Yes. He is a wonderful diver. Some whales, they say, will keep under for an hour. But while he is under, mind, the air in his lungs is getting foul, and full of carbonic acid, just as it would in your lungs, if you held your breath. So he is forced to come up at last: and then out of his blowers, which are on the top of his head, he blasts out all the foul breath, and with it the water which has got into his mouth, in a cloud of spray. Then he sucks in fresh air, as much as he wants, and dives again, as you saw him do just now.
And what does he do under water?
Look—and you will see. Look at those birds. We will sail up to them; for Mr. Whale will probably rise among them soon.
Oh, what a screaming and what a fighting! How many sorts there are! What are those beautiful little ones, like great white swallows, with crested heads and forked tails, who hover, and then dip down and pick up something?
Terns—sea-swallows.
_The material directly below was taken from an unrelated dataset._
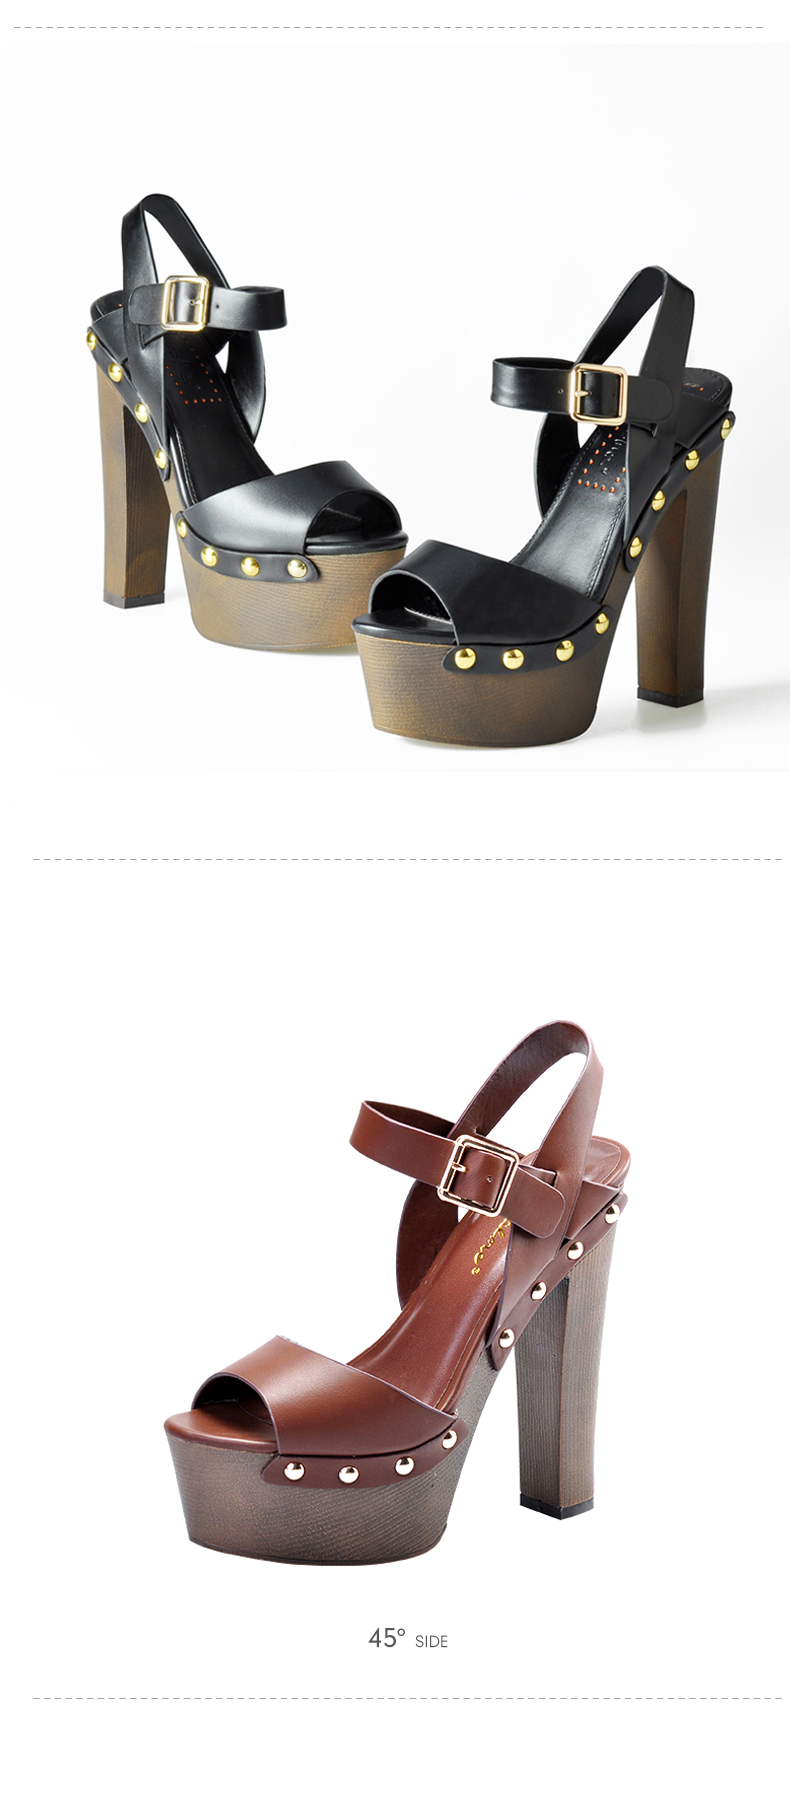 toe rivet heels wedges 3
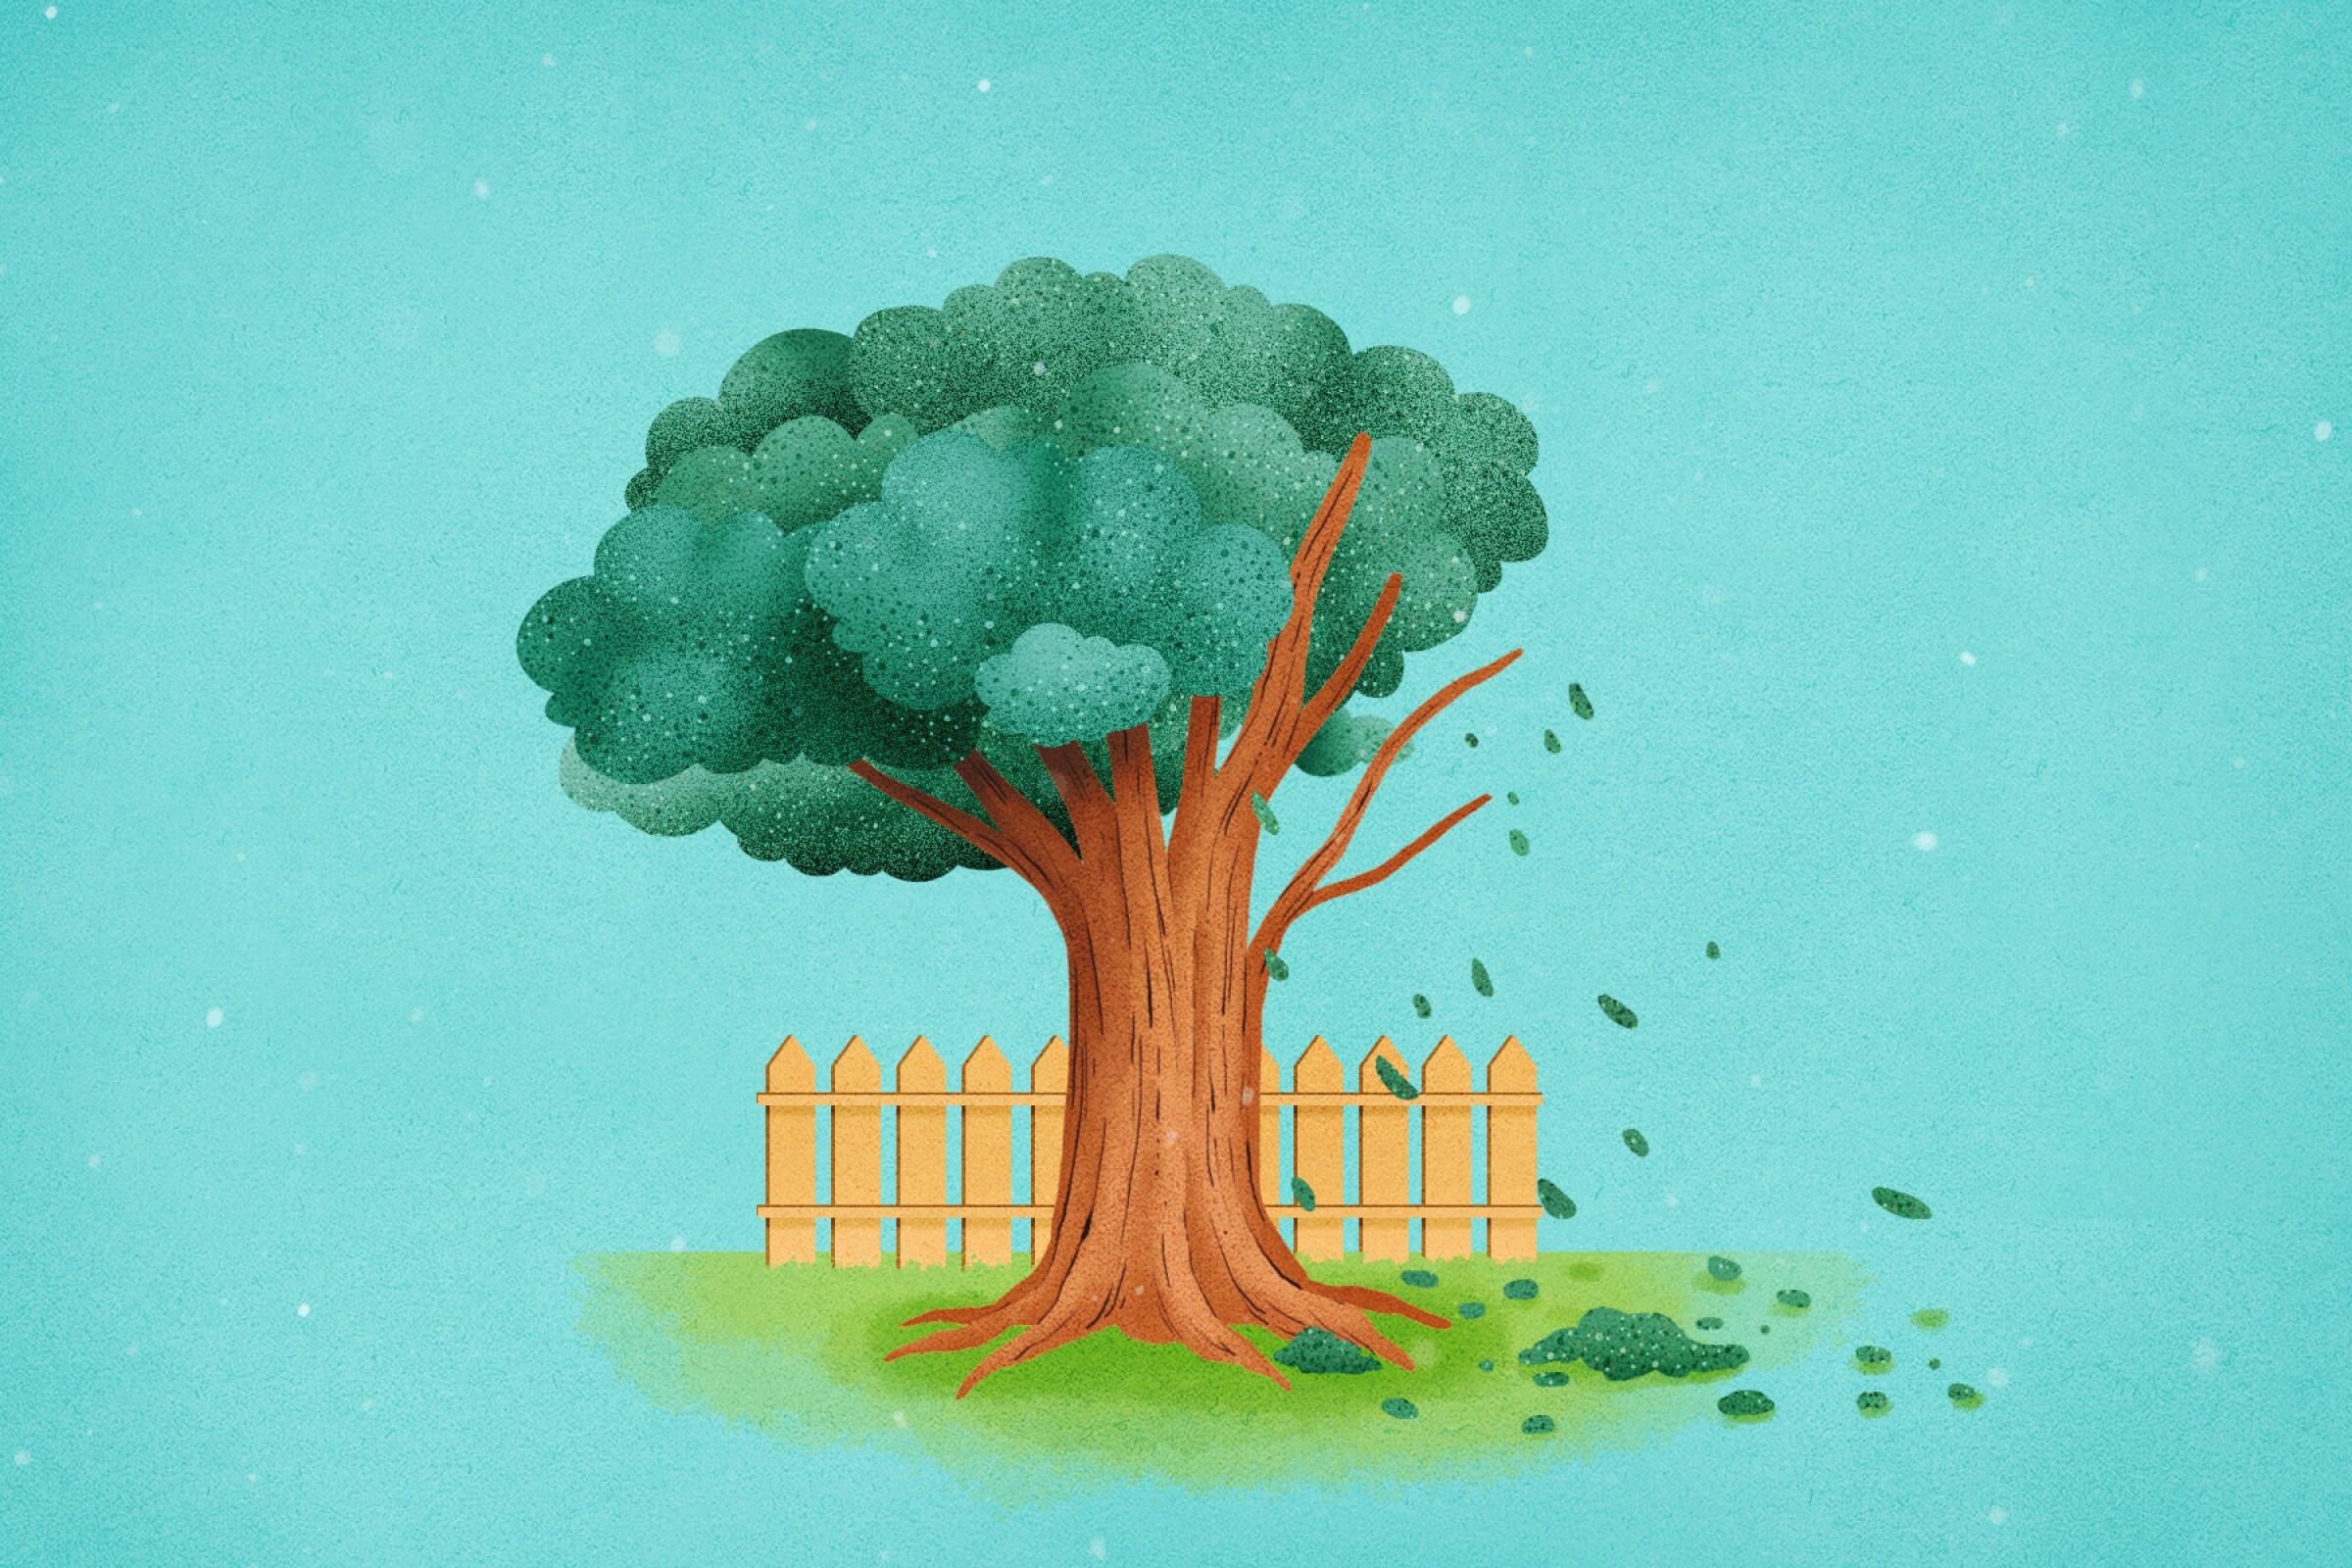 Plants - Dying tree

And there are gulls in hundreds, you see, large and small, gray-backed and black-backed; and over them all two or three great gannets swooping round and round.
Oh! one has fallen into the sea!
Yes, with a splash just like a cannon ball. And here he comes up again, with a fish in his beak. If he had fallen on your head, with that beak of his, he would have split it open. I have heard of men catching gannets by tying a fish on a board, and letting it float; and when the gannet strikes at it he drives his bill into the board, and cannot get it out.
But is not that cruel?
I think so. Gannets are of no use, for eating, or anything else.
What a noise! It is quite deafening. And what are those black birds about, who croak like crows, or parrots?